Kokopelli Trail

It felt good to dial it back a notch. The past couple trips have been strenuous, and I was looking forward to a chill couple of days on the Kokopelli Trail.

The rules: no alarm clocks, ample food and water, lots of photo breaks and no heroics. For once, everything went as planned and I had a relaxing weekend on some beautiful dirt roads.

Rule Five: No Bike Selfies.

On Friday morning, I boarded the Greyhound from Durango to Grand Junction. I slept a bit and read some Infinite Jest, but mostly just stared out the window and let my thoughts meander around the “nothing box.”

I met Jeremy for lunch, then rode the bike path twelve miles to Fruita and filled up three liters of water and Tailwind. Temperatures were balmy, though there was a bit of a headwind. Seven more miles of pavement brought me to the singletrack start of the trail.

Rule Five: Broken.

The KT starts with Mary’s Loop, a mostly flat trail that contours atop sandstone cliffs above the Colorado River.

Mary’s Loop

Occasional boulder problems punctuate the flow of this scenic section.

A rock or two keeps things interesting.

It turns out that the riverside cottonwoods were at peak foliage, an unexpected bonus. It was nice to get an extension on fall colors, which are all-too-brief in Colorado.

Westward ho!

Eventually, you start horsing around on Troy Built, then hit some legit hikeabike down to Salt Creek. It’s a good source and I definitely could’ve started with less water — one liter would’ve sufficed in the cool October temps.

The sun set when I hit Rabbit Valley, but the headwind continued, and some rain fell intermittently. I wanted to make some time and allow for a leisurely finish in Moab on Sunday, so I rode by headlamp for another four hours. It seemed like that was the least scenic part of the whole trip, so it worked out. My wife had made me a stellar playlist of blues and funk to keep my spirits and RPMs up, and it helped pass the time.

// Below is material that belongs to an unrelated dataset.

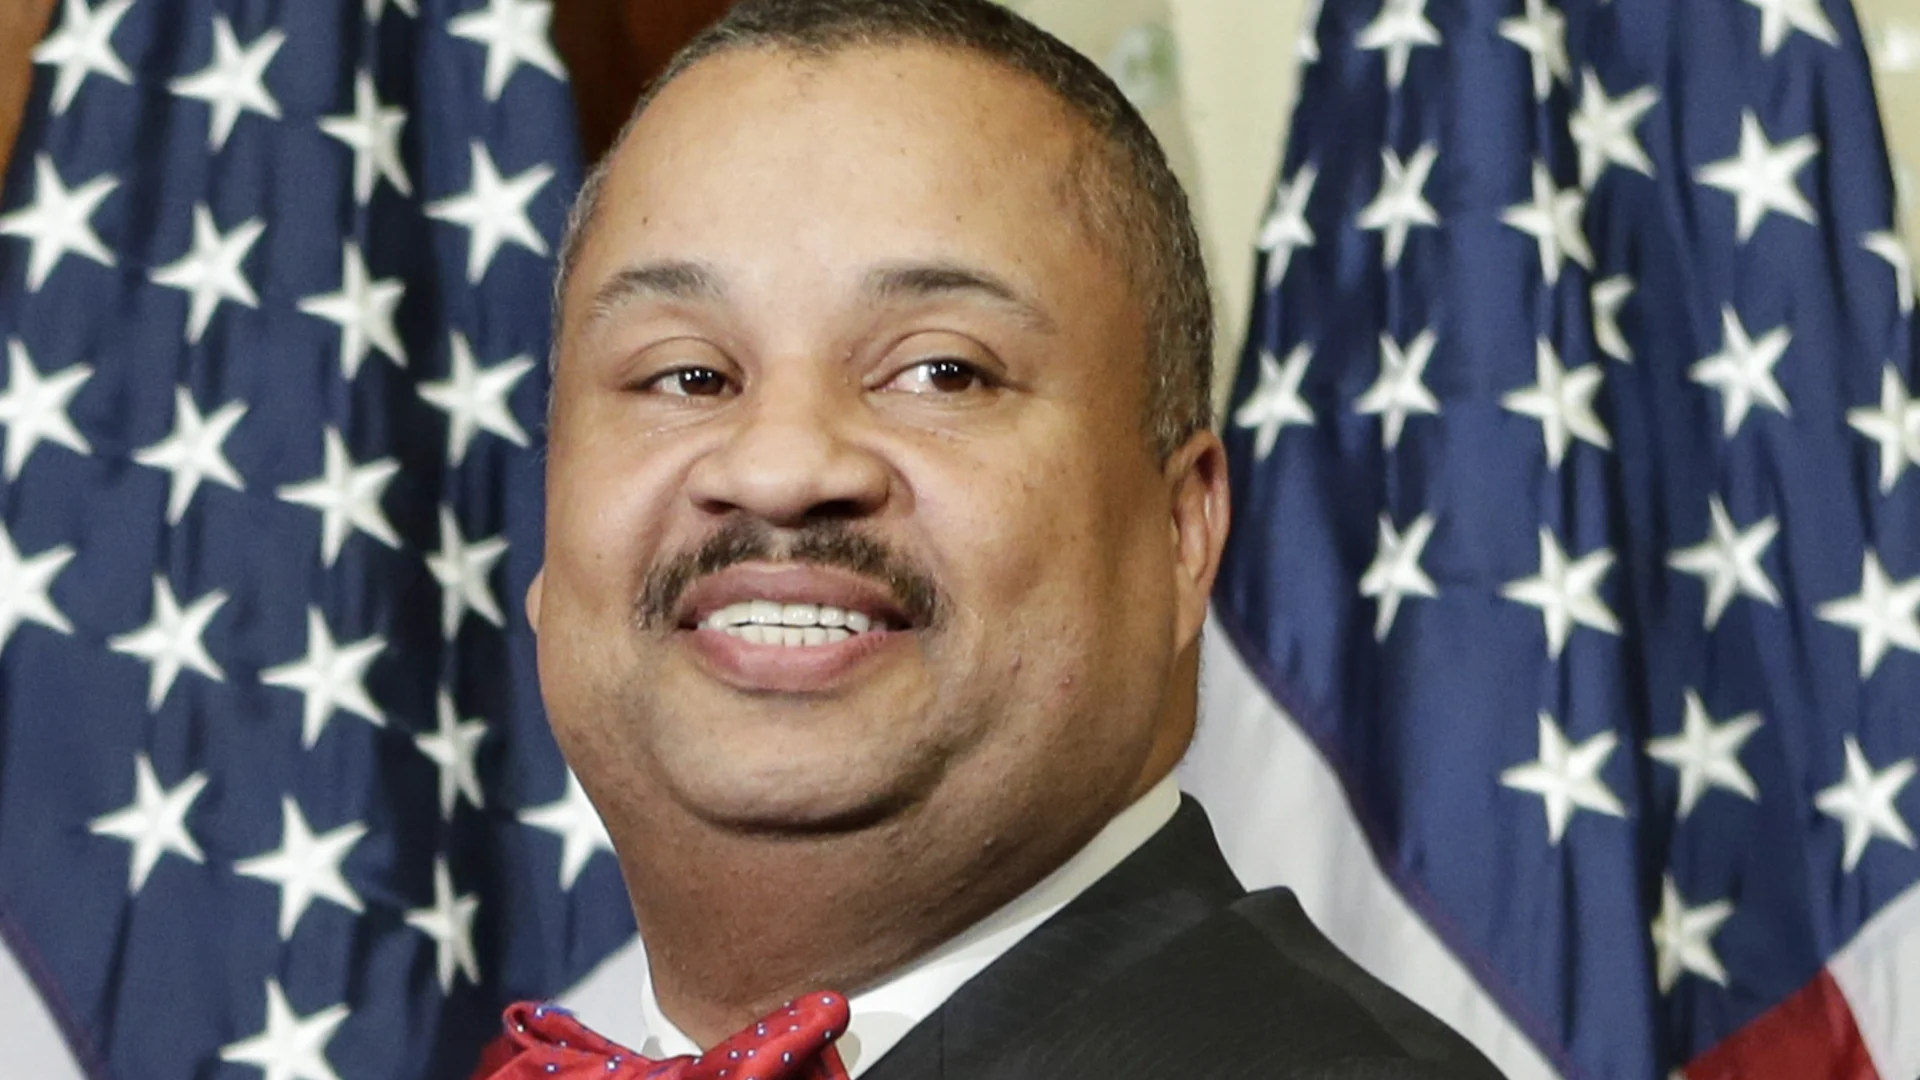 Special election to be held to fill late Rep. Donald Payne’s seat in Congress

I was hoping to make it to the Westwater Ranger Station that night for water, but I ended up dry-camping sooner. This trip was stoveless because I hadn’t felt like running to the store to refill denatured alcohol, so dinner consisted of a burrito filled with instant mashed potatoes, salami, cheese and pretzels. Dessert was a gold mine … an ice cream sandwich with instant cookies-n-cream pudding as the filling.

Instant pudding in the middle. Winner!

I woke up with the sun the next morning and ate a half-dozen oatmeal raisin cookies for breakfast. I normally do instant oatmeal like everyone else, but seriously? Look at the ingredients. Oats + wheat flour + raisins + brown sugar. You may as well just bring oatmeal raisin cookies at 130 calories an ounce and eat them from the comfort of your mummy bag.

Sunrise.

It was a chilly morning, and the slow, chunky jeep road made it difficult to warm up. When the sun finally crested, though, it was glorious.

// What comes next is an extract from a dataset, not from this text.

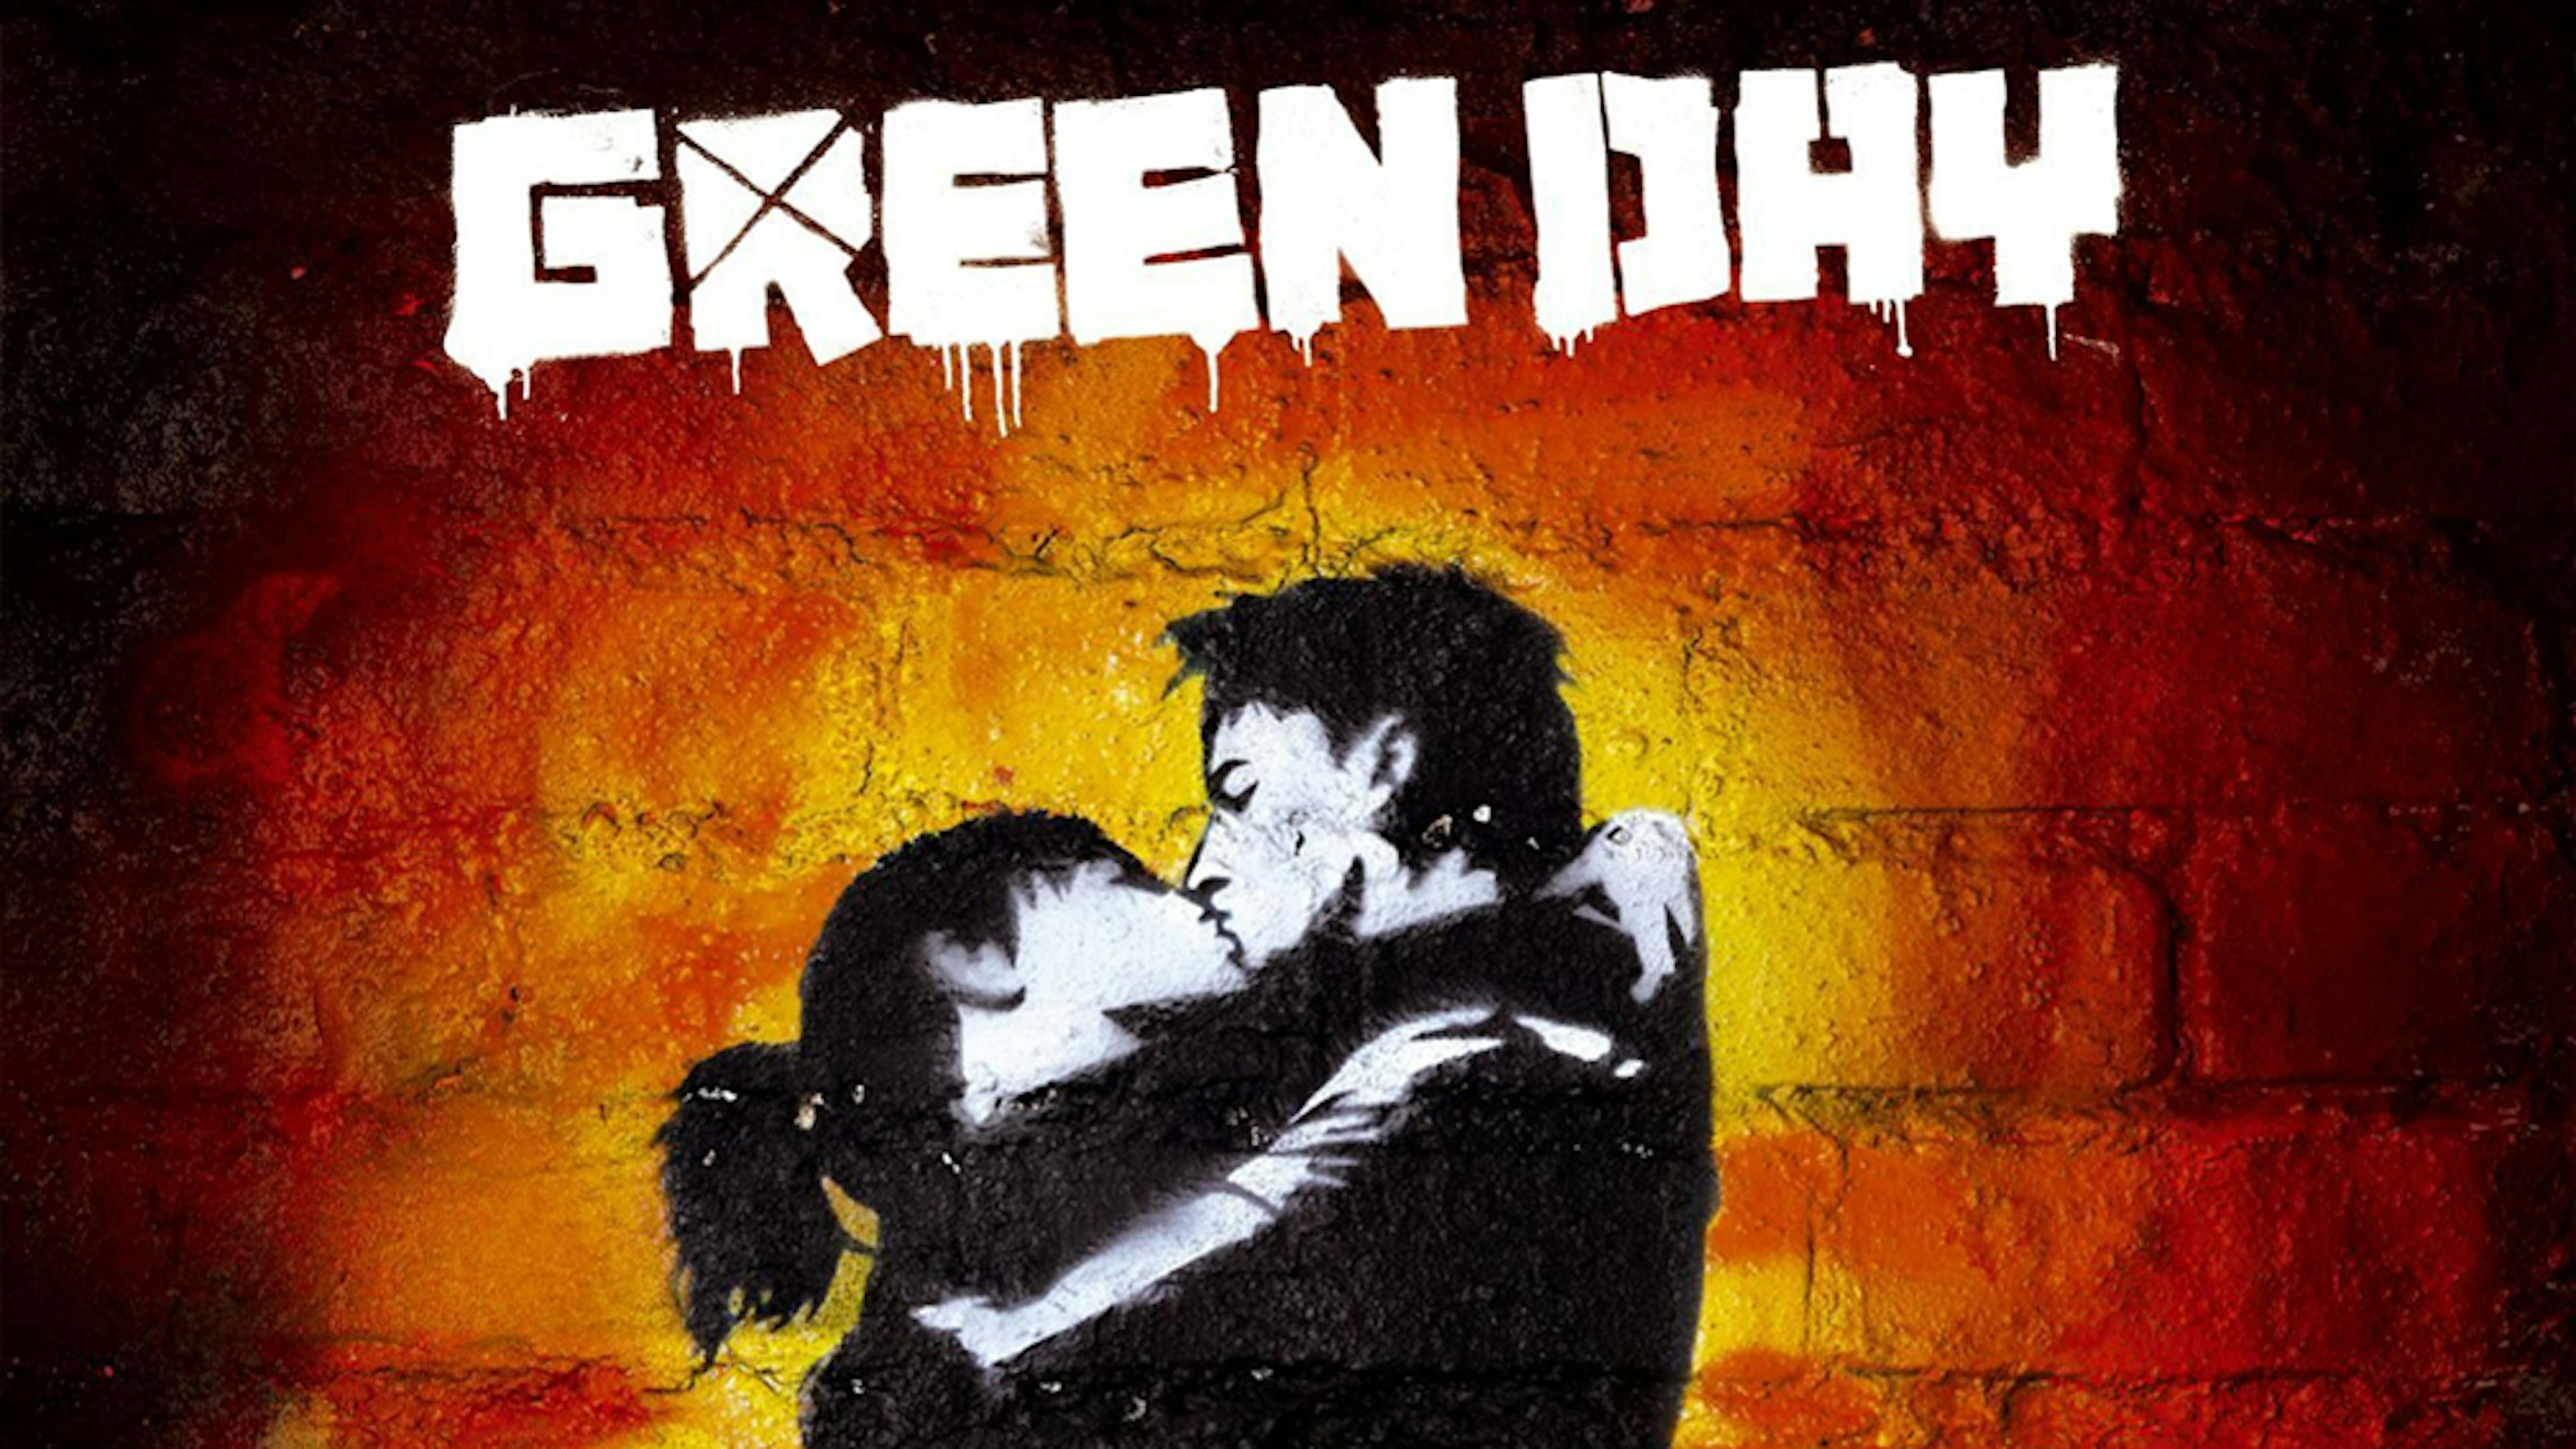 “We don’t want to cash in on our past success”: The story of Green Day’s 21st Century Breakdown

“Blue Rajah’s my name, but I will fork-give you if you fork-get.”

Eventually I hit pavement and spun out in top gear (30:11) on the way down to the ranger station. Turns out their water still required filtering, but it was better than the cow puddles I’d passed on the way, so the 1.5 mile detour was worth it.

Yes, this helmet is rated for impact, not just rockfall.

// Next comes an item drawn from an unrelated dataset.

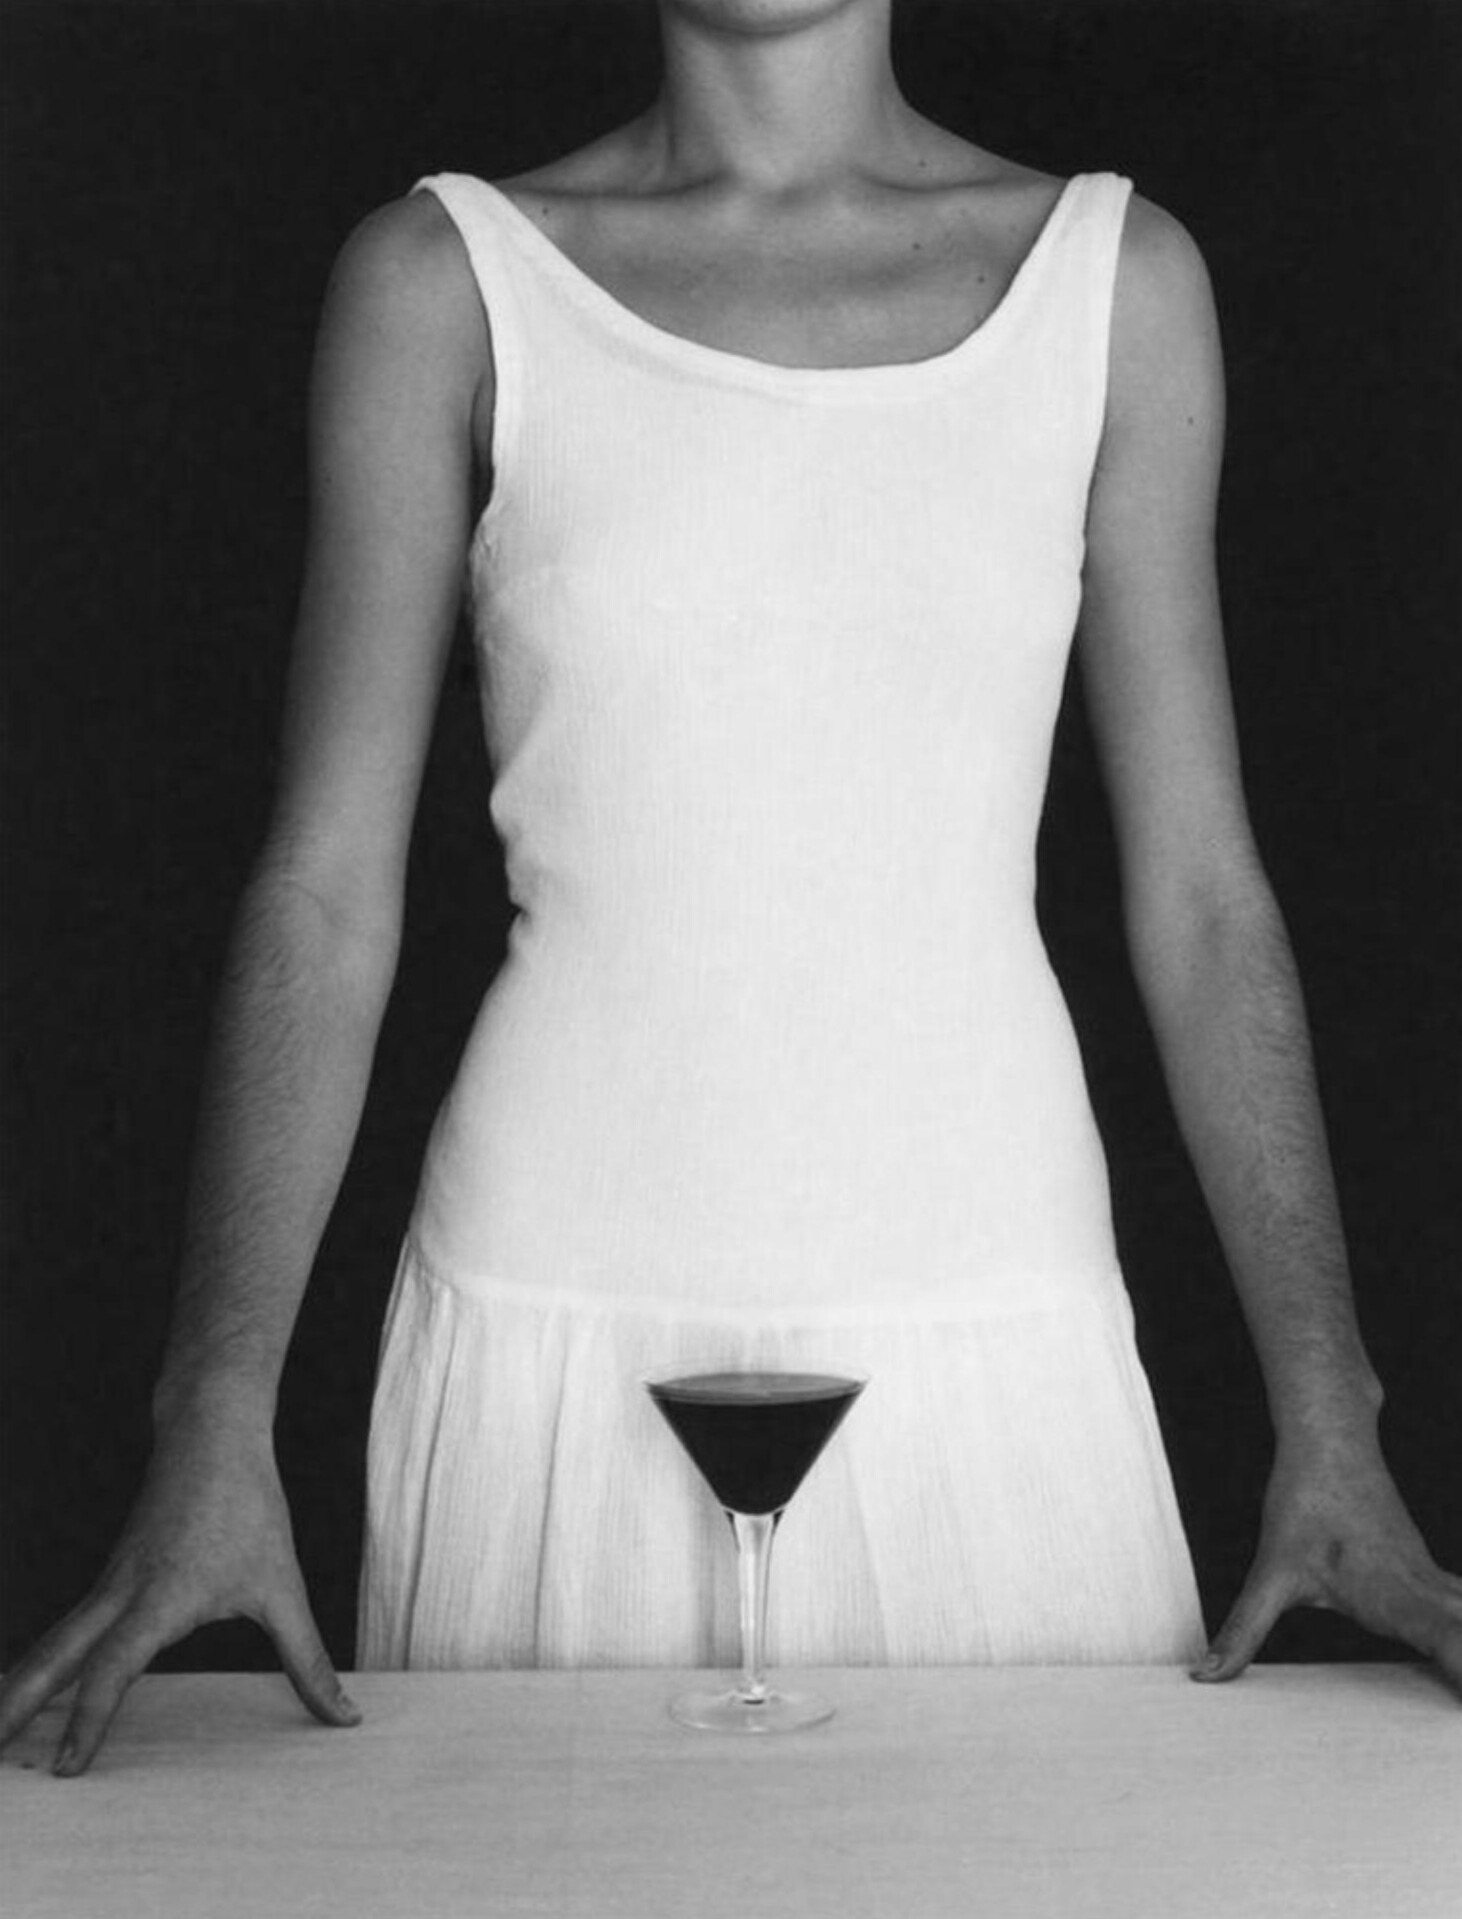 Chema Madoz - Dress and Wine - Catherine Couturier Gallery

Evidently everyone and their mother uses this particular boat launch on the weekend. There were at least forty river rats queued up go do downhill … they looked like boulderers with their tiny little legs. Tee hee.

Westwater Ranger Station and boat launch

I filtered three liters and pounded some yogurt-covered raisins, then left the menagerie of hydrophiles in the hands of a rather frazzled ranger. Dude had a Rock Shox sticker on his Nalgene. What do you say to boaters for good luck, “Vinyl side down?”

I soon hit the longest, flattest dirt road in the universe. I was in the mood for it, though, no singletrack entitlement here.

“The road goes ever, ever on…”

The next segment was barren and dry, a tabula rasa, as though God decided to try his hand at minimalism. In spite of this — or perhaps because of it? — I find the desert to be an incredibly peaceful place. The sky is endless and my mind wanders through it.

“The Jundland Wastes are not to be traveled lightly.”

When the trail rejoined the Colorado River, cottonwood trees erupted from the earth. The audacity of foliage in the desert. I love it.

Water brings life…
… one last hurrah before dormancy.

A little bit of singletrack, then more dirt roads. I passed a couple eastbound bikepackers, but they were blazing on a downhill, so we didn’t stop to chat.

Evidently sand grows really well in this climate.

Several almond Snickers bars later, the terrain started to look a lot like Moab. I passed through some slickrock playgrounds, wide expanses of concrete-like slabs that were like natural skate parks. Entrada sandstone buttresses loomed in the distance. It was about the halfway point on the trail, and I started getting excited.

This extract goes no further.